▶ [Provided data]:

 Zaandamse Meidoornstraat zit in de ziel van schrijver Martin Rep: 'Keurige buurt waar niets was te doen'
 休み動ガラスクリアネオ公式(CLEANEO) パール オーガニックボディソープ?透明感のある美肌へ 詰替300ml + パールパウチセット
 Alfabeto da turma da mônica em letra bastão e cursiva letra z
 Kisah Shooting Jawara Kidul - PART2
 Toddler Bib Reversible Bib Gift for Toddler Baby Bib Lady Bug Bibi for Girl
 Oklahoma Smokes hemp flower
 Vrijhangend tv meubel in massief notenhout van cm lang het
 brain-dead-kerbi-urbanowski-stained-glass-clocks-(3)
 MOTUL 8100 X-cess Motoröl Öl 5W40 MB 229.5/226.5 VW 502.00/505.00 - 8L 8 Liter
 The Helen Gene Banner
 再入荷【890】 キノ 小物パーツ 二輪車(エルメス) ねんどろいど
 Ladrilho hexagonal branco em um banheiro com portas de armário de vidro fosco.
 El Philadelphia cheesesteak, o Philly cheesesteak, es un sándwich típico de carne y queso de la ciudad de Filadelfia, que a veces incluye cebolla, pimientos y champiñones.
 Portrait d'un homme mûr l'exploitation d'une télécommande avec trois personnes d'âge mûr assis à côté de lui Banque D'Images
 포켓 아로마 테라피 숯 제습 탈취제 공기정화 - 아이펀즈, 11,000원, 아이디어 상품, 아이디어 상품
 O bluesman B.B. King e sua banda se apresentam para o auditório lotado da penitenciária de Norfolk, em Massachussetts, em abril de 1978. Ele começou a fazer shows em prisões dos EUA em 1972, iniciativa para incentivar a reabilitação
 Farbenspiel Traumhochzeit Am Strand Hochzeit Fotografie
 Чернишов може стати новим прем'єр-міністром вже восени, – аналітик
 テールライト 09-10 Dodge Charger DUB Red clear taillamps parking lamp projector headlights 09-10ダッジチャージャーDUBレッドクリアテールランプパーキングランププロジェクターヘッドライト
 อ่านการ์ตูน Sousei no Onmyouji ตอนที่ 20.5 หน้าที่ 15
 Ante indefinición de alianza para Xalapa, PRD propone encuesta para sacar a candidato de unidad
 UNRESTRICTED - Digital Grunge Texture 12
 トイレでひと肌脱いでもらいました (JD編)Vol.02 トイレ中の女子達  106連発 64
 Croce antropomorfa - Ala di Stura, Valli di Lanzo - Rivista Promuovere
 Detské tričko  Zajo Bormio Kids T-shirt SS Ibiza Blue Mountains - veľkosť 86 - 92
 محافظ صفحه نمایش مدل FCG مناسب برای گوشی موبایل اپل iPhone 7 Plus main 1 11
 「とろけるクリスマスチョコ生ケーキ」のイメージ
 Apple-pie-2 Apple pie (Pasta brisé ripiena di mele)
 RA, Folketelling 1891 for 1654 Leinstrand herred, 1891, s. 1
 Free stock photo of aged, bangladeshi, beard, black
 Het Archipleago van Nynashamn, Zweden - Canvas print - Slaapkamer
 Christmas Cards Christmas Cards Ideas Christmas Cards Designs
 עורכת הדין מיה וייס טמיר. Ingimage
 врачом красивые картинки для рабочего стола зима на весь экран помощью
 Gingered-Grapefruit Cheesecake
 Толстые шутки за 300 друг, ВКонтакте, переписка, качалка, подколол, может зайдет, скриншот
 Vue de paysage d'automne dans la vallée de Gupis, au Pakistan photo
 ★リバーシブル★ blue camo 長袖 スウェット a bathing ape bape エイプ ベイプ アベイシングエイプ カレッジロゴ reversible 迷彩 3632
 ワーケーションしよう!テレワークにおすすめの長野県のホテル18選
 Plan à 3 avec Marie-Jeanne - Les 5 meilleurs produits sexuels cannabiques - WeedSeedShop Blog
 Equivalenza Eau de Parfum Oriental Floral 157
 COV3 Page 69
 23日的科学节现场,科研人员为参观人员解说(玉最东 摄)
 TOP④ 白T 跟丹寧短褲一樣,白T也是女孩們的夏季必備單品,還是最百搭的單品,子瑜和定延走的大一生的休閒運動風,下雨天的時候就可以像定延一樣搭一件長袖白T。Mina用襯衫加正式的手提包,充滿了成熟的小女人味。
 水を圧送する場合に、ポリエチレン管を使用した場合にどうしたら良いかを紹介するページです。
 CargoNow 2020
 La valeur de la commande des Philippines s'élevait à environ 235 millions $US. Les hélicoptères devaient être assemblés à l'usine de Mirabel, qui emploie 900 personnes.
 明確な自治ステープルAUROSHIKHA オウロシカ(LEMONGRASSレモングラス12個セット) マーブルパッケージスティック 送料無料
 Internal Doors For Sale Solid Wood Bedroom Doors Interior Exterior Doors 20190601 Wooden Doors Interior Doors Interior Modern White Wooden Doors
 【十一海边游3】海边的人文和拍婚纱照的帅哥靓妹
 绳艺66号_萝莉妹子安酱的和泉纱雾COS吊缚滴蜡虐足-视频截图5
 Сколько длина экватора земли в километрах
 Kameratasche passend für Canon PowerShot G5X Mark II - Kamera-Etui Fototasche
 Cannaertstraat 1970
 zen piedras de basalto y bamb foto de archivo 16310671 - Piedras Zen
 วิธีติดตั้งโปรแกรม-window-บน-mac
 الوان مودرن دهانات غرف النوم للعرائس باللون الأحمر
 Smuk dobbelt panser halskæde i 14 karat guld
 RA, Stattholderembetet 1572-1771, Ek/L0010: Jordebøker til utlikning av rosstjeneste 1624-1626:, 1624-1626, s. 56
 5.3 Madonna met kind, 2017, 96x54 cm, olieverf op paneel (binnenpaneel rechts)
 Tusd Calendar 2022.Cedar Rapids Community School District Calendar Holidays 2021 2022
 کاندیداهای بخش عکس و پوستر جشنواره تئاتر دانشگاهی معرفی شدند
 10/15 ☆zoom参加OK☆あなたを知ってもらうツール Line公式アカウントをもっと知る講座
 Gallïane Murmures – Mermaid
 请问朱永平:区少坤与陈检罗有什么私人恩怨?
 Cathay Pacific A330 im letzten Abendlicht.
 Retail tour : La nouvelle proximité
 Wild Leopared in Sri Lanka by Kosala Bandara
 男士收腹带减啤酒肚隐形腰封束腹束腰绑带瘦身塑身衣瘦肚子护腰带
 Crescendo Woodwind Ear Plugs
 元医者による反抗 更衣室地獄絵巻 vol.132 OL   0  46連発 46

▶ [What the task requires]: Determine the count of lines that include the word "para" in the listing, and state nothing but that count.

▶ [Answer to the problem]: 2